OCR PipelineEngine Selection
OCR Pipeline

OCR Engine Selection

Routing logic for selecting the right OCR engine based on file type, size, and content

OCR Engine Selection

Selection Logic

PDF Files

  • Has text layer (textual PDF): Extract text directly — no OCR needed
  • Scanned PDF with tables: Use DocTR
  • Scanned PDF, no tables, >5MB: Use Google Vision
  • Scanned PDF, no tables, <5MB: Use PaddleOCR

Image Files (PNG, JPEG)

  • >10MB: Use Google Vision (cloud handles large images)
  • <10MB: Use PaddleOCR (fast default)
  • Simple text fallback: Use Tesseract

CSV Files

  • Use CSV Loader (deterministic parsing, confidence = 1.0)

Manual Override

User can specify engine explicitly in the request. If specified engine is unavailable, returns 400 with list of available engines.

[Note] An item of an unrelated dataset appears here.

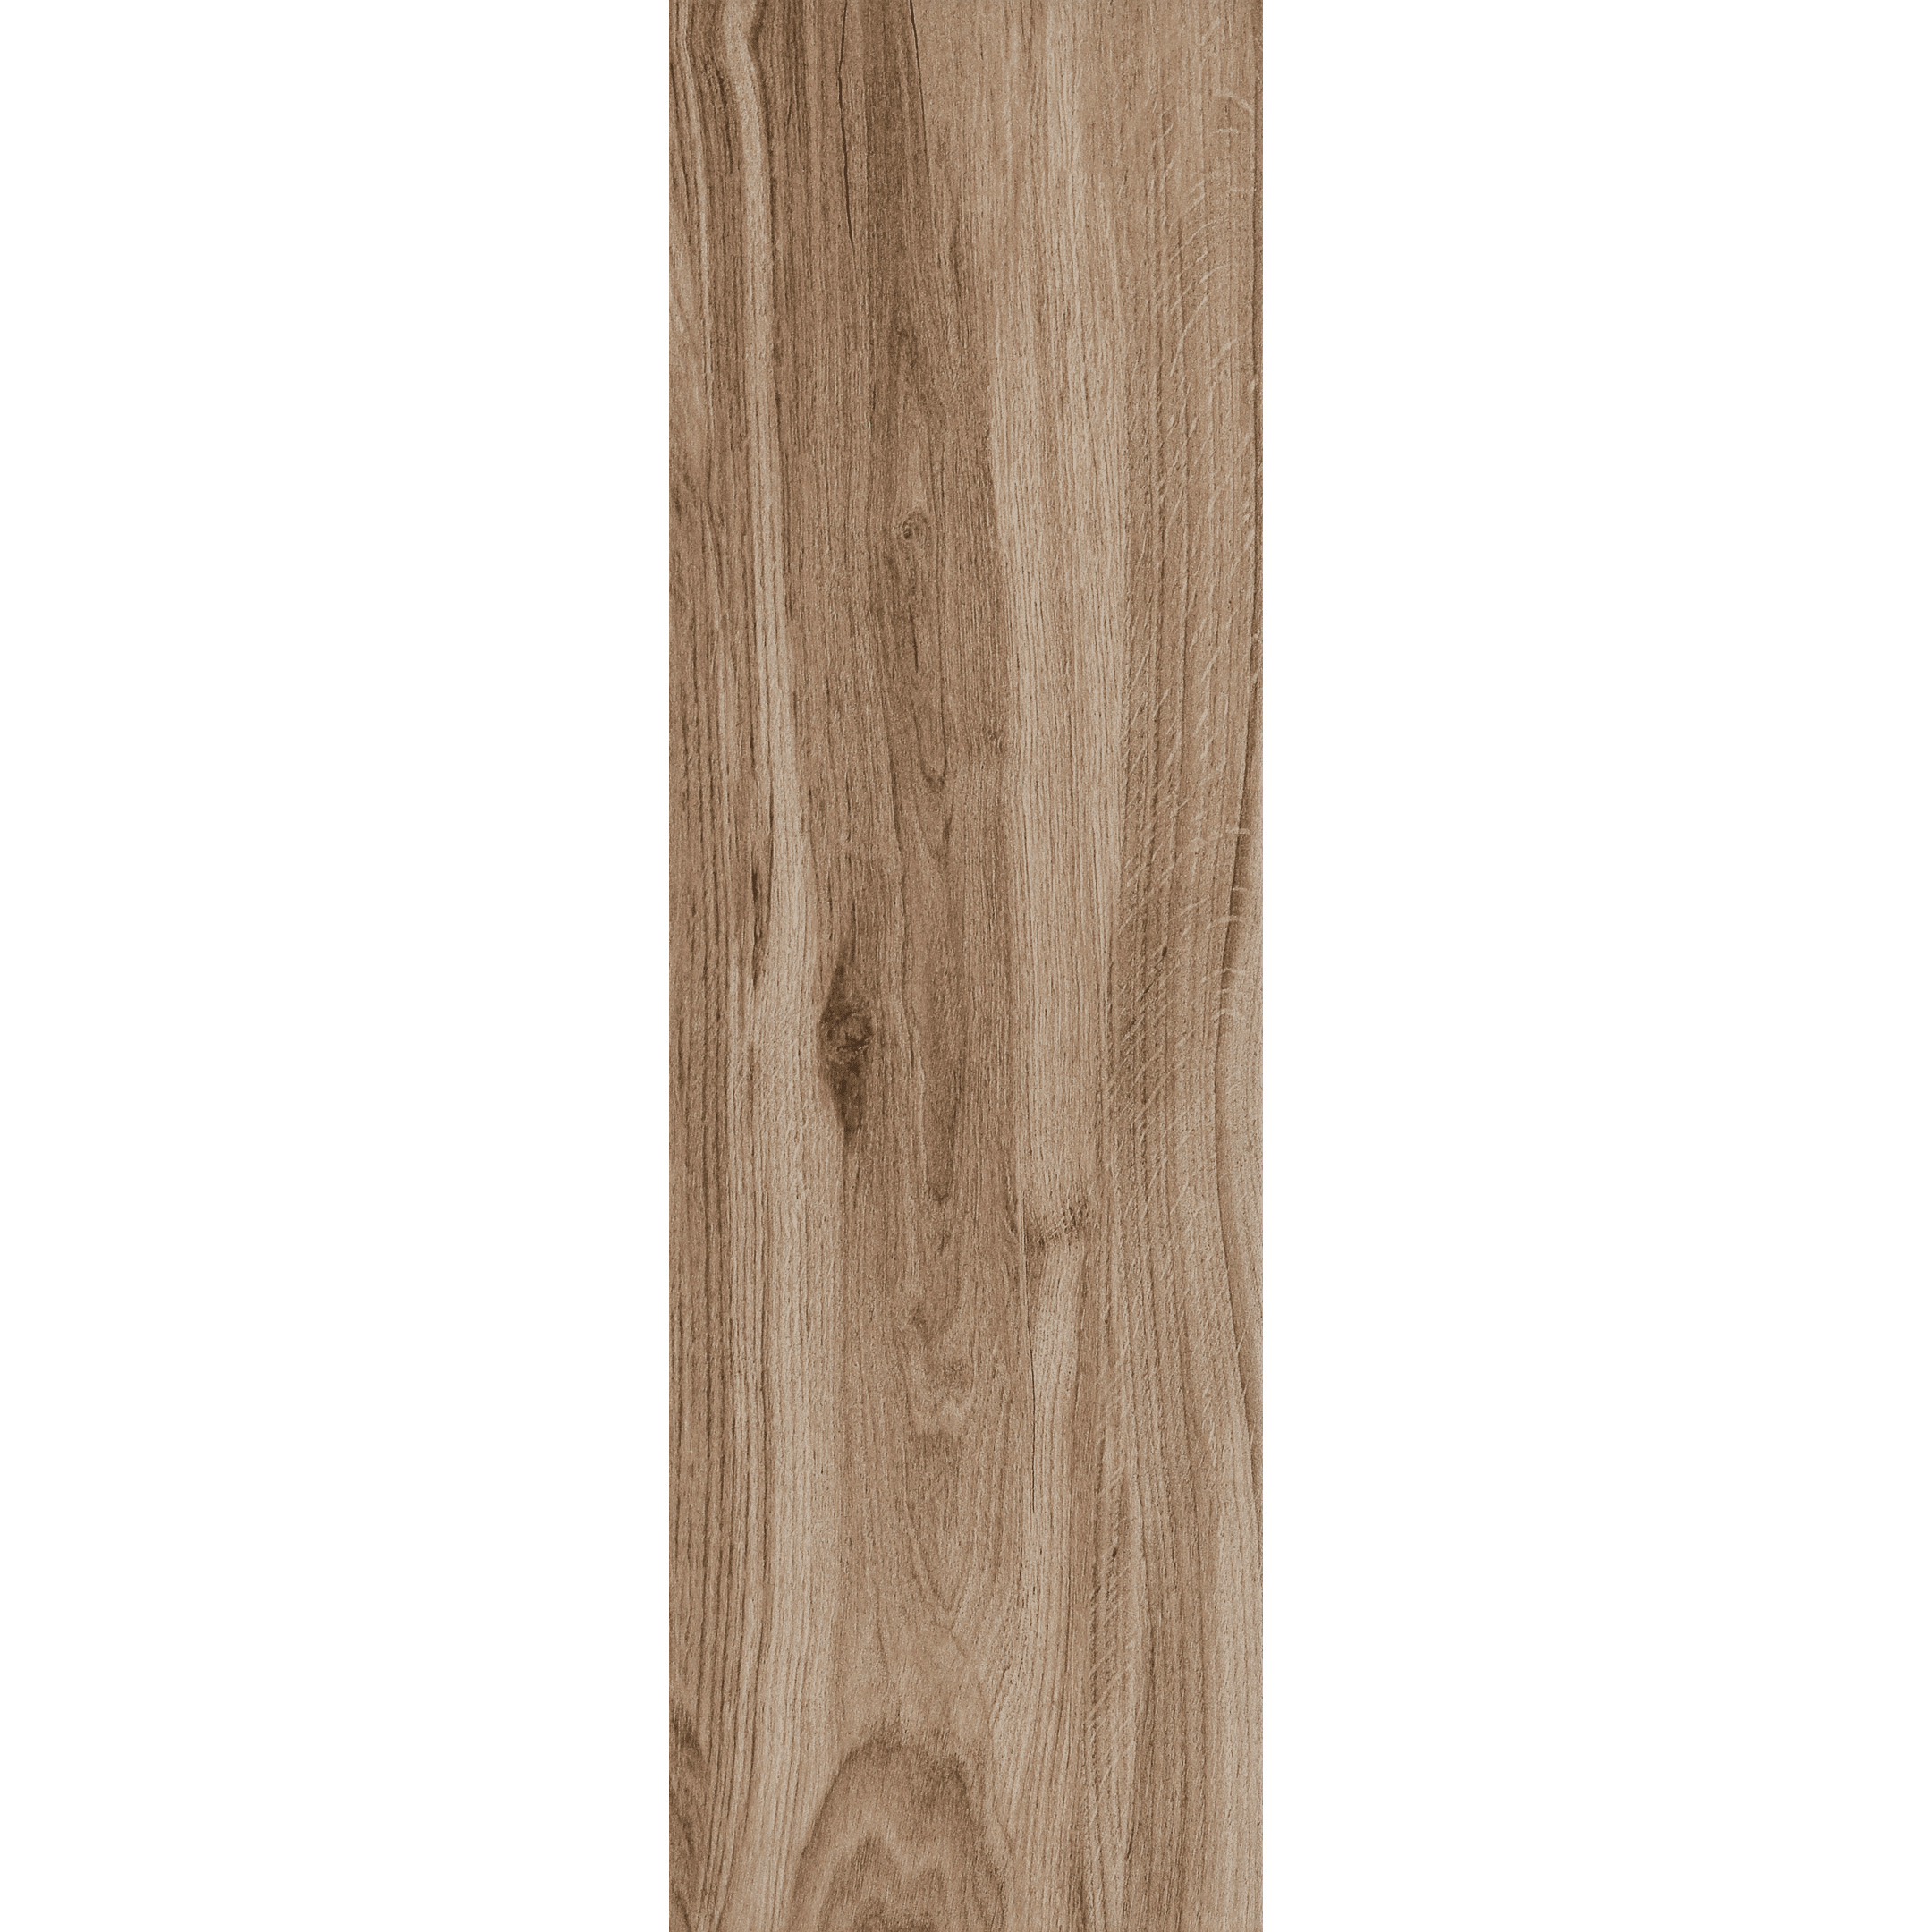 фото Керамогранит cersanit maplewood коричневый матовый 598х185х7,5 мм (11 шт.=1,216 кв.м)

Priority Order (Auto-detect)

DocTR → EasyOCR → Google Vision → PaddleOCR → Tesseract → Omniparser

Response Format

{
  "text": "Extracted text content...",
  "confidence": 0.95,
  "engine_used": "paddleocr"
}

Configuration

  • Google Vision requires GOOGLE_VISION_API_KEY env var
  • PaddleOCR runs on VPS at 76.13.123.120:8866
  • DocTR runs on VPS via mindee/doctr Docker image
  • Tesseract optional — not installed by default on Render